I would also love to understand mroe about the current state of the research on the "LLMs as compression" topic [2][3].
[1] https://arxiv.org/pdf/2507.20208
[2] https://www.mattmahoney.net/dc/text.html
[3] https://arxiv.org/abs/2410.21352
I'm already quite put off by the title (it's science -- if you have a better benchmark, publish it!), but the contents aren't great either. It keeps citing numbers about "445 LLM benchmarks" without confirming whether any of the ones they deem insufficiently statistical are used by any of the major players. I've seen a lot of benchmarks, but maybe 20 are used regularly by large labs, max.
For a math-based critique, this seems to ignore a glaring problem: is it even possible to randomly sample all natural numbers? As another comment pointed out we wouldn't even want to ("LLMs can't accurately multiply 6-digit numbers" isn't something anyone cares about/expected them to do in the first place), but regardless: this seems like a vacuous critique dressed up in a costume of mathematical rigor. In related news, at least some scientists studying climate change are aware that their methods are imperfect. More at 11!If anyone doubts my concerns and thinks this article is in good faith, just check out this site's "AI+ML" section: https://www.theregister.com/software/ai_ml/
The article references this review:
https://openreview.net/pdf?id=mdA5lVvNcU
And the review is pretty damning regarding statistical validity of LLM benchmarks.
I've been getting flagged by high-on-their-own-supply AI boosters for identifying that LLM benchmarks have been obvious bullshit for at least the last year and a half.
What changed to make "the inevitable AI bubble" the dominant narrative in last week or so?

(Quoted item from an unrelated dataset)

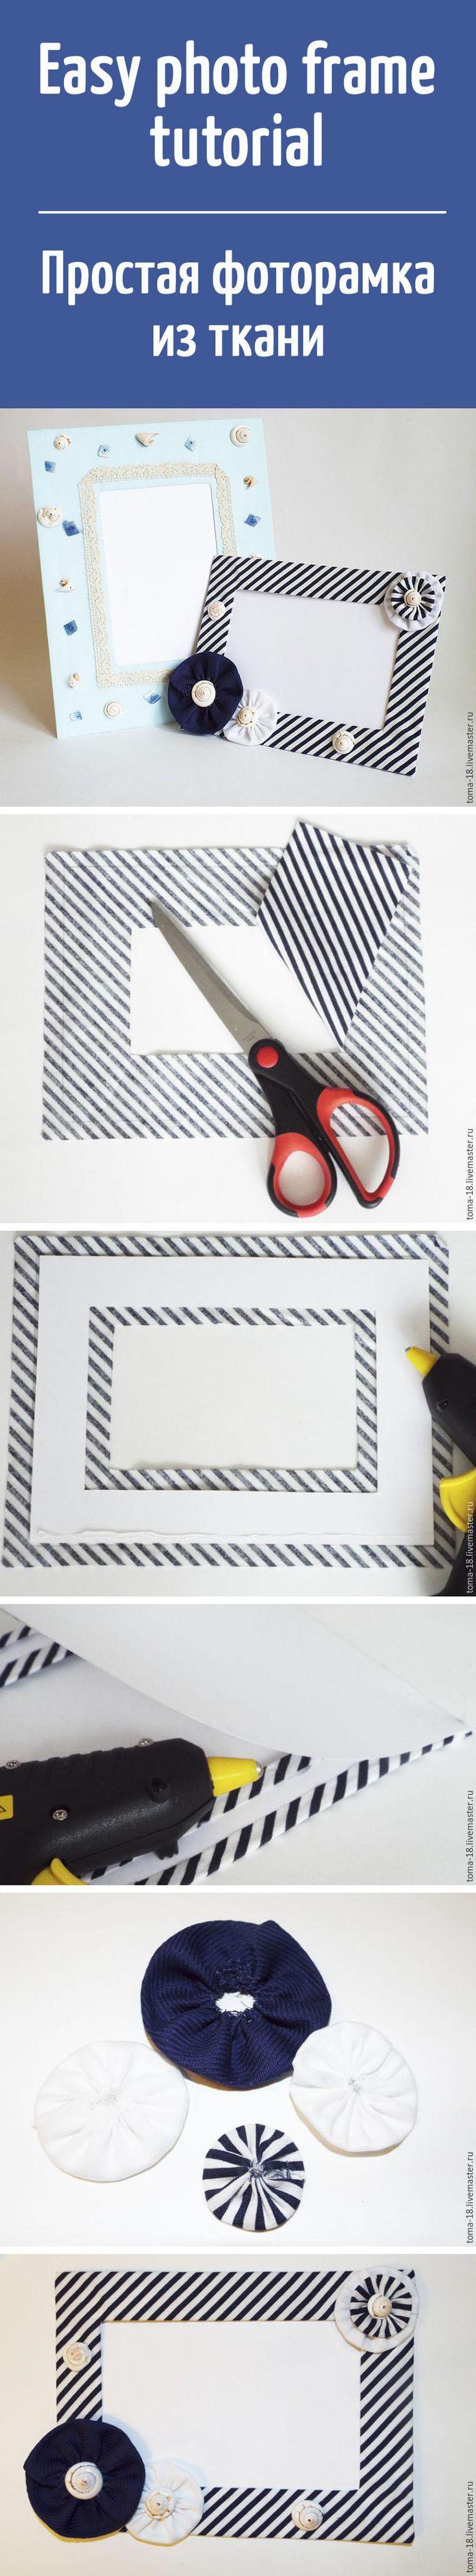 Простая фоторамка в морском стиле из ткани своими руками / Easy frame tutorial #DIY

Link those comments please because I checked your history and the flagged ones were pure nonsense with zero insights. Also, calling out LLM benchmarks has never been a radical take and basically the default on this site.

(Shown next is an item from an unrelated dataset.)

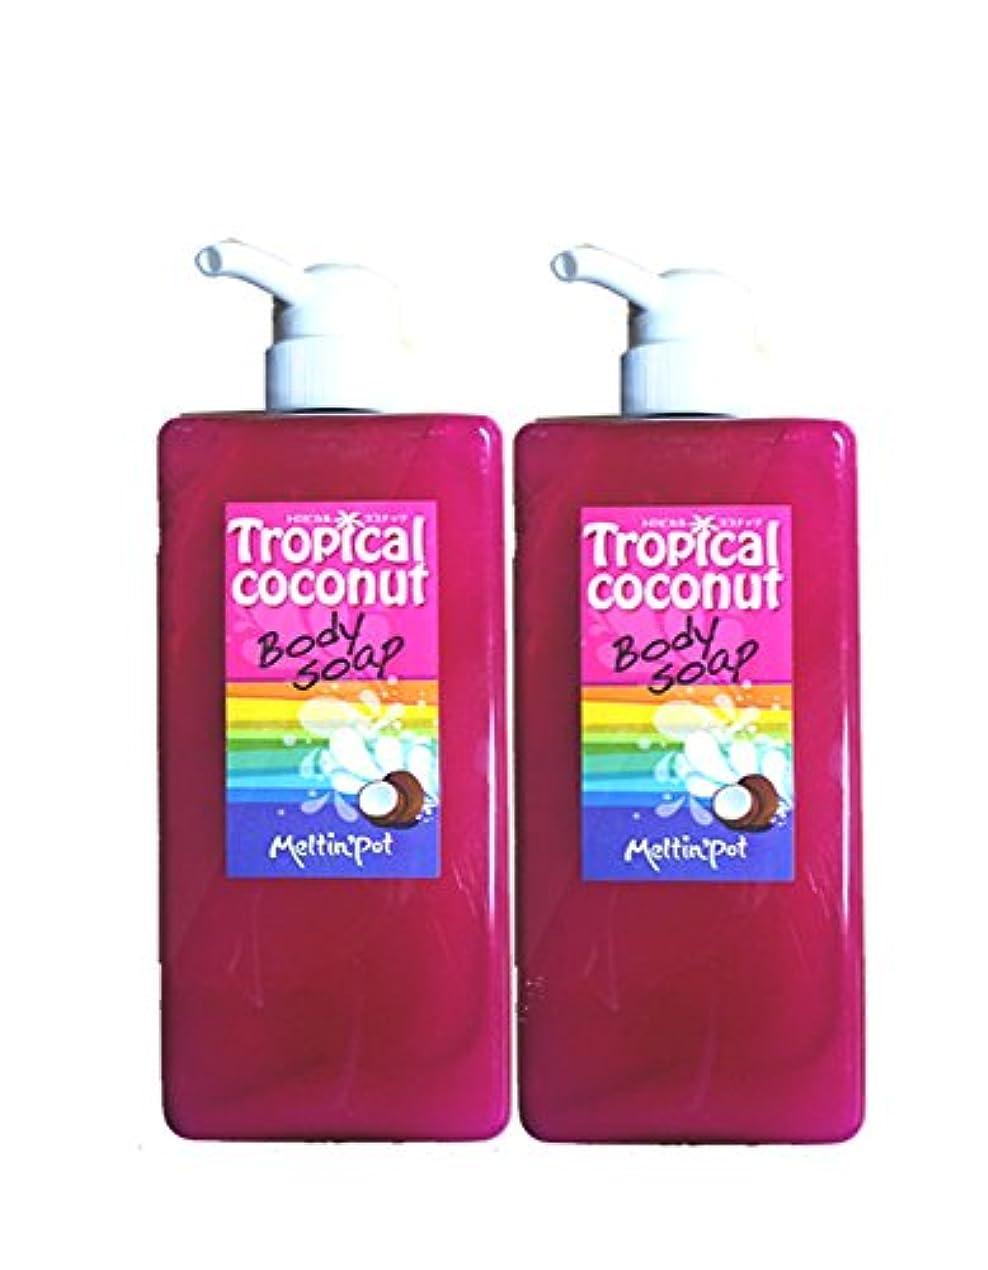 のスコア変成器発火するトロピカルココナッツ ボディソープ 600ml*2セット Tropical coconut Body Soap 加齢臭に!

Companies are talking about needing trillions of dollars is why.
And the government backstops.
Nothing says confidence that AGI is imminent like needing the US government to prevent your investments from losing you money.
Benchmarks in general have this problem, across pretty much all industries. "When a measure becomes a target" and all that.
The market was down for AI related stocks especially, while down only over 3% it’s the worst week since April, and there’s no single event that is to blame it just looks like market sentiment has shifted away from the previous unchecked exuberance.